Start of Data segment

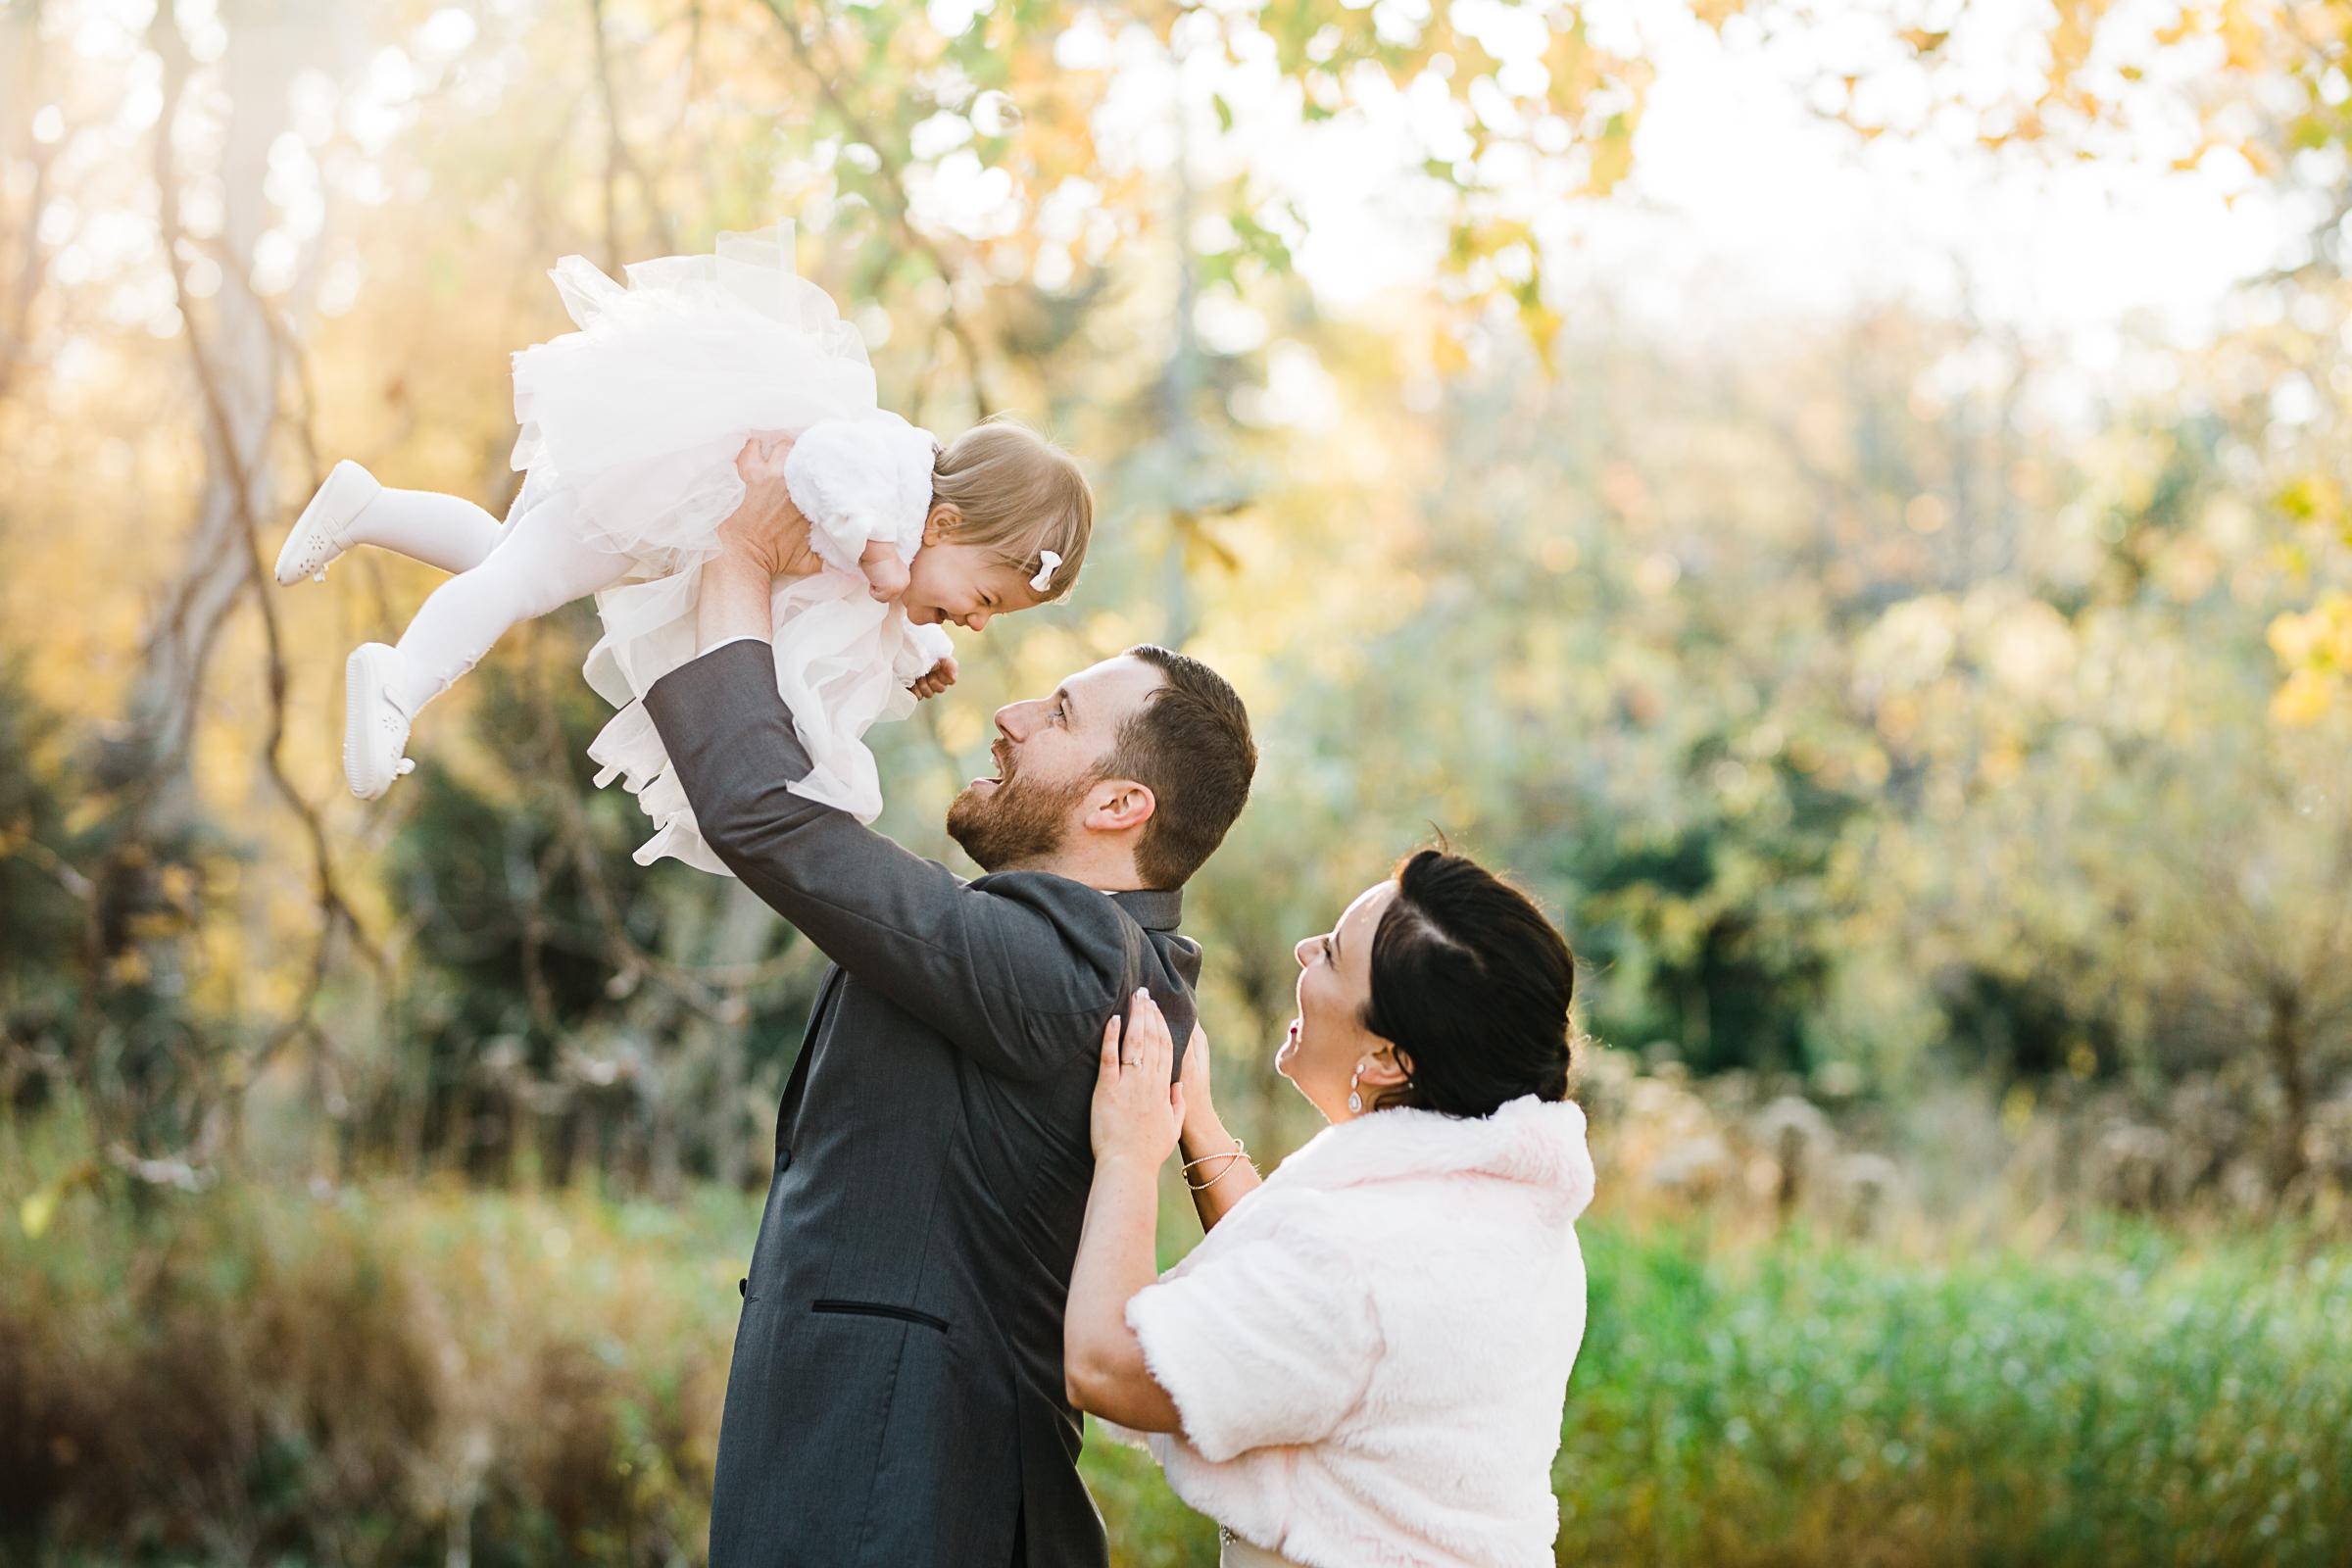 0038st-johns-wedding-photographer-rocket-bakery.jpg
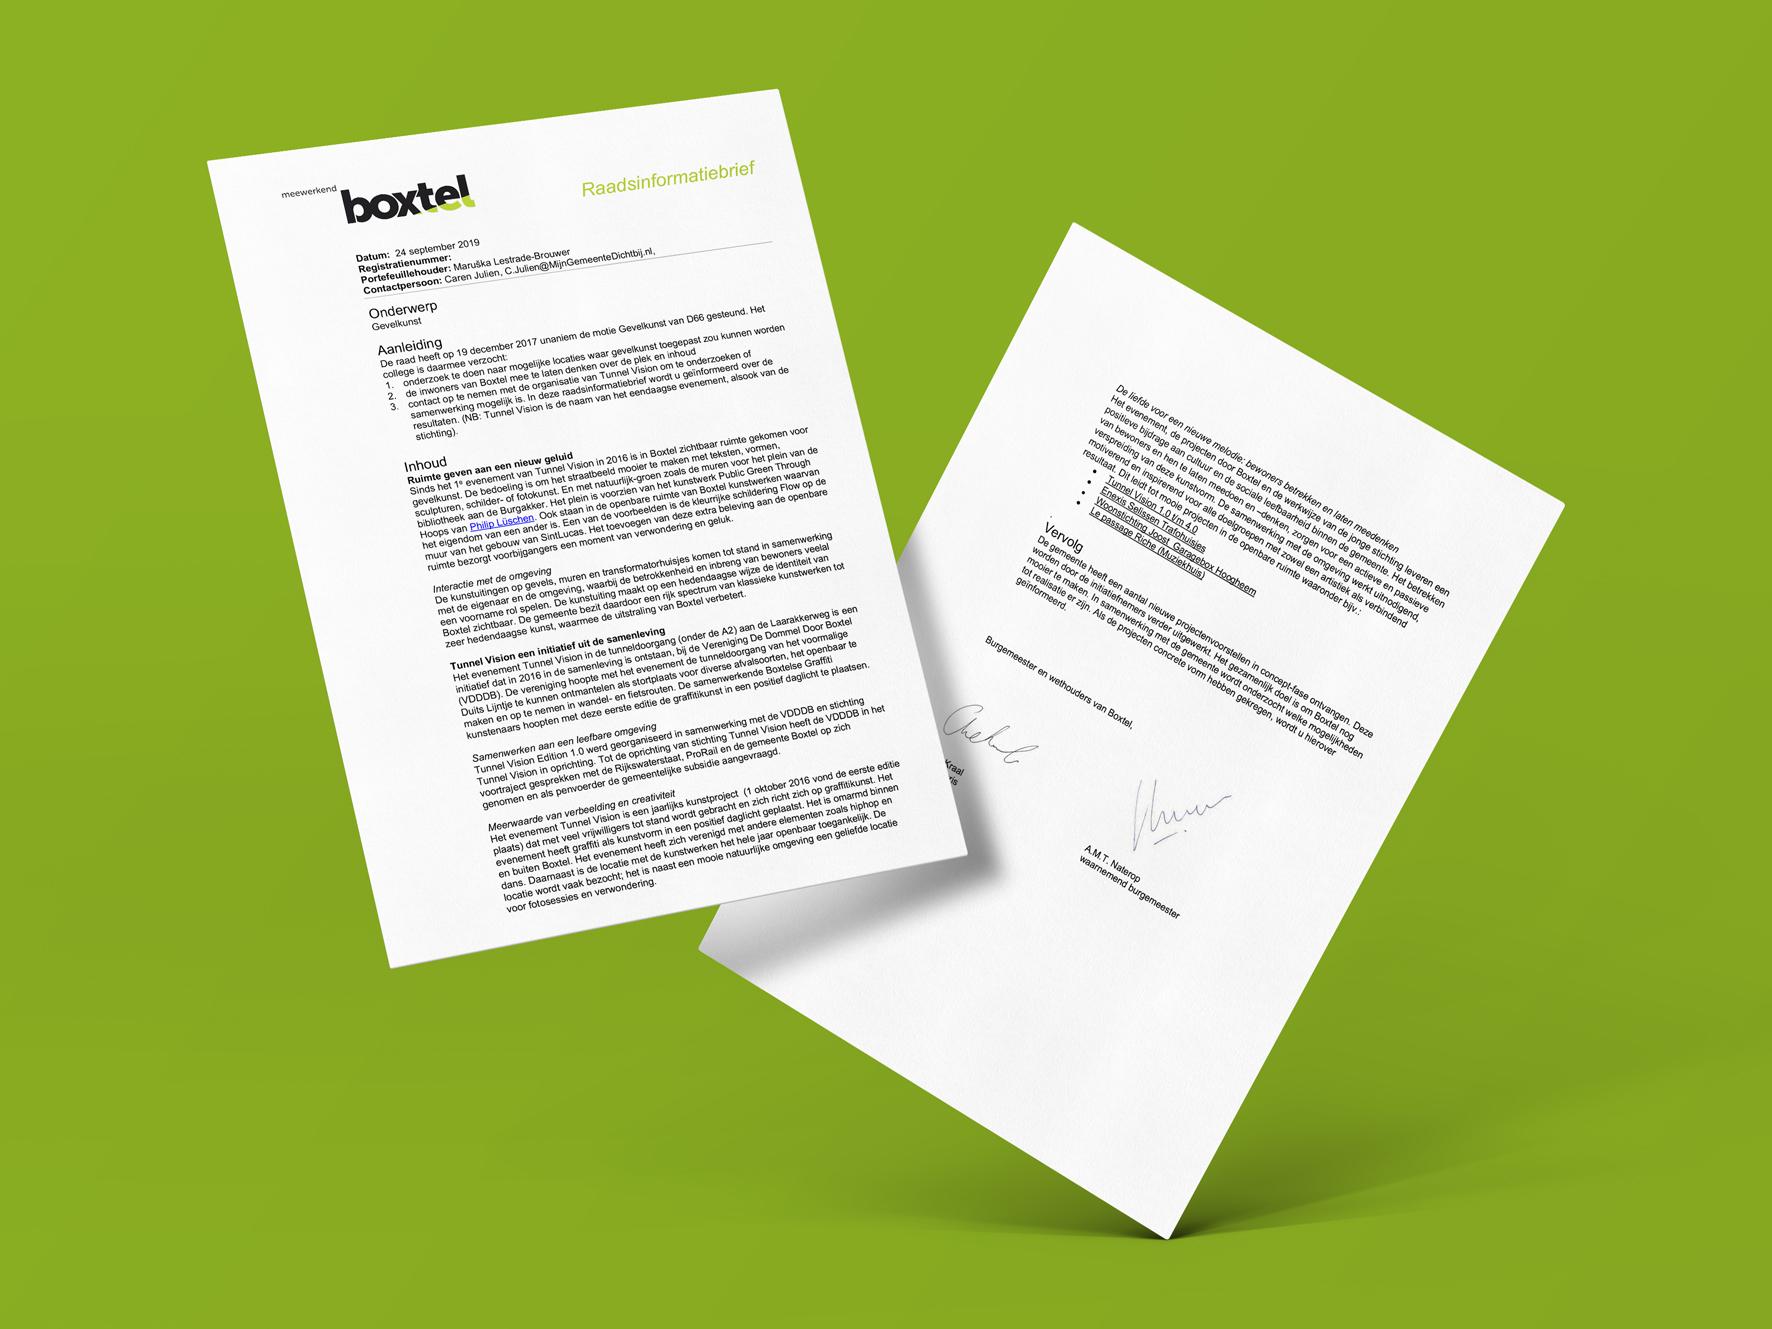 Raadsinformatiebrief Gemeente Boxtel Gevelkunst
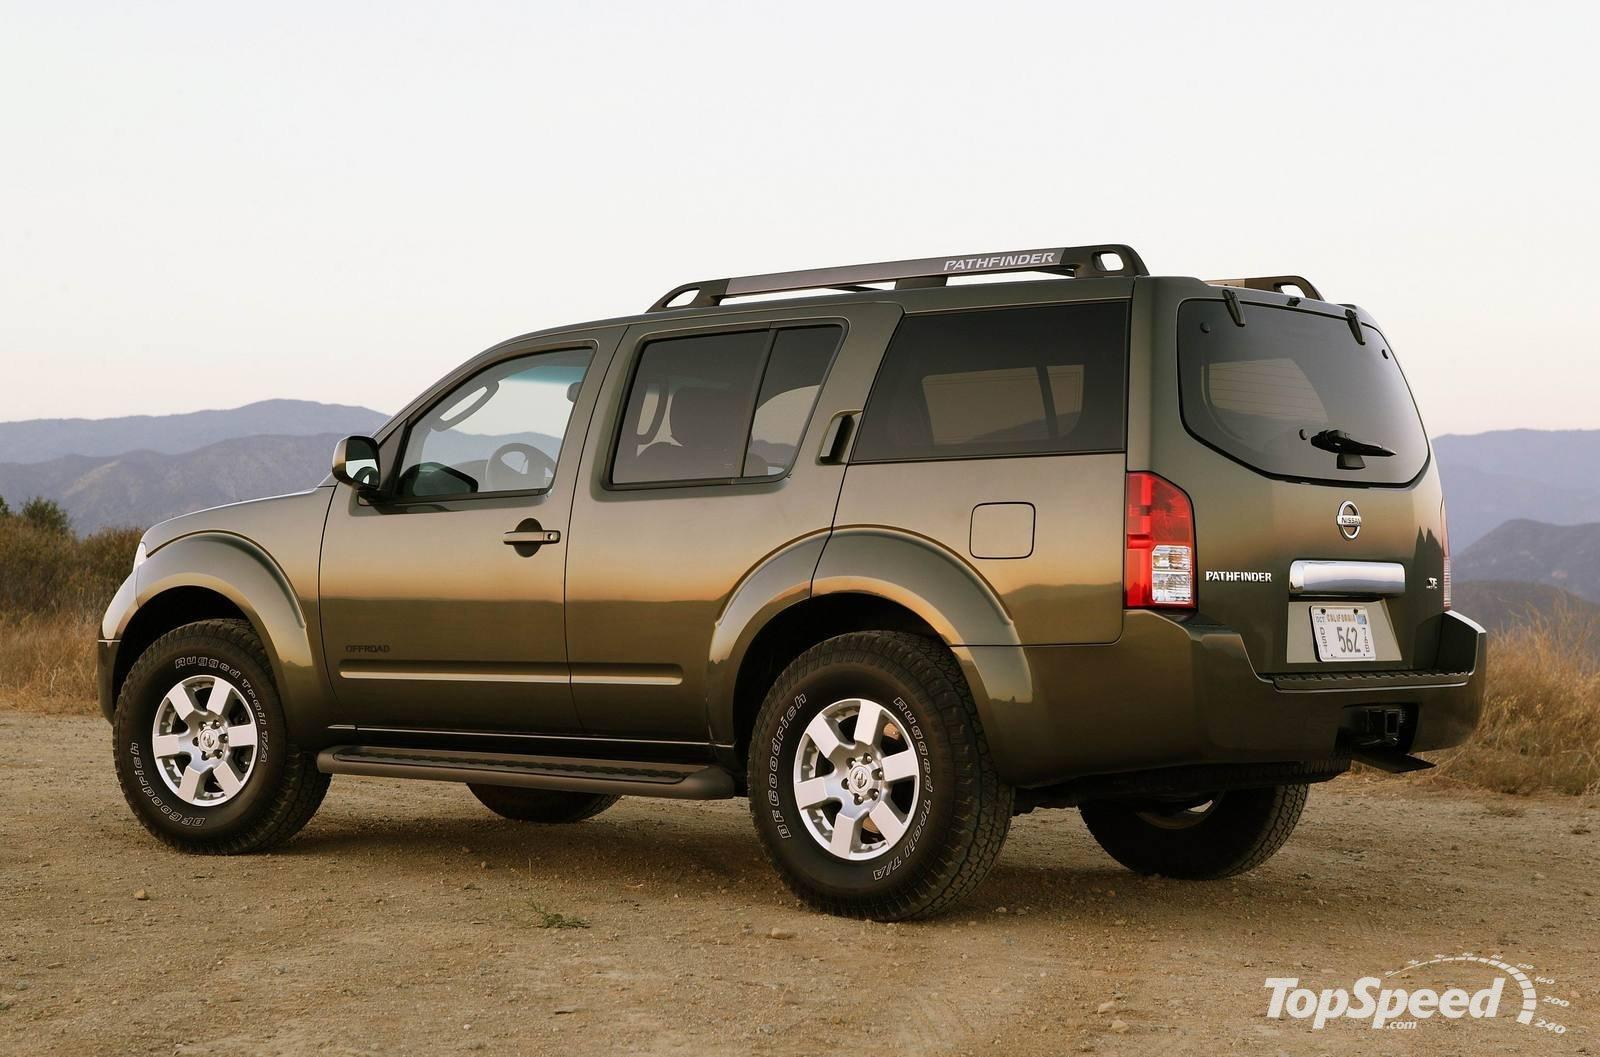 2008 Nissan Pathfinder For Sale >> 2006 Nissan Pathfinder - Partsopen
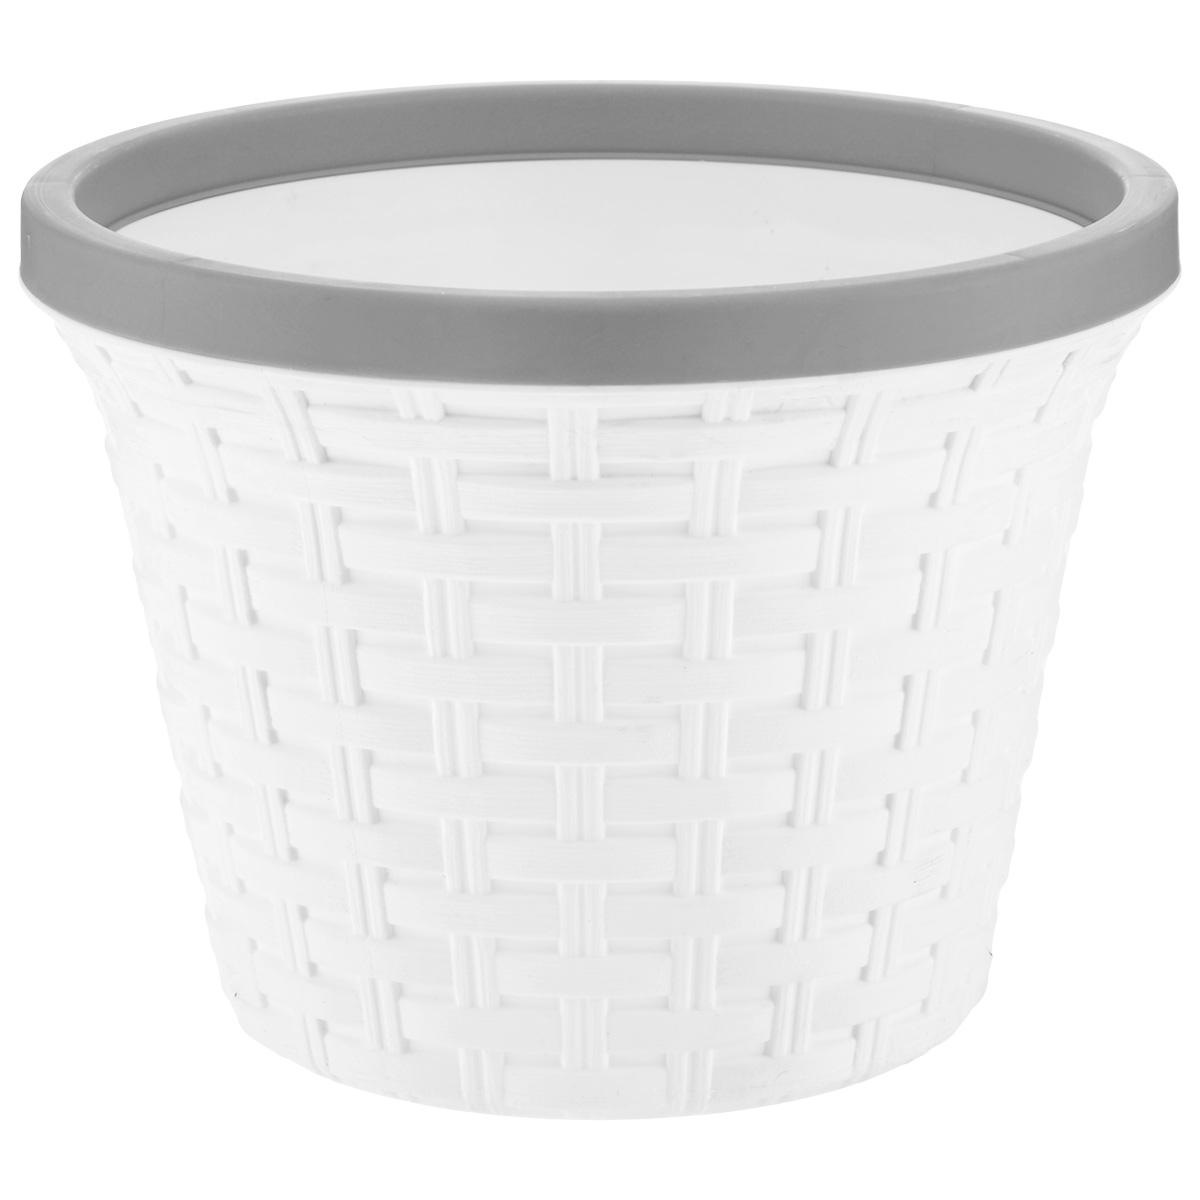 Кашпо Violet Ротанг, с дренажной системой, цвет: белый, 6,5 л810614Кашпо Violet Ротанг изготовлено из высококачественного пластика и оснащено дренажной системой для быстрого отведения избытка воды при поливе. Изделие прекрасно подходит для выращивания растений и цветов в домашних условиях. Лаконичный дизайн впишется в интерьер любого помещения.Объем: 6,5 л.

End of Data segment

> **Exercise directions**: Pictures are to be left out; otherwise, copy exactly each line from the one containing "2008 Nissan Pathfinder" through the last line of the listing.

> **Answer space**:
 2008 Nissan Pathfinder For Sale >> 2006 Nissan Pathfinder - Partsopen
 Кашпо Violet Ротанг, с дренажной системой, цвет: белый, 6,5 л810614Кашпо Violet Ротанг изготовлено из высококачественного пластика и оснащено дренажной системой для быстрого отведения избытка воды при поливе. Изделие прекрасно подходит для выращивания растений и цветов в домашних условиях. Лаконичный дизайн впишется в интерьер любого помещения.Объем: 6,5 л.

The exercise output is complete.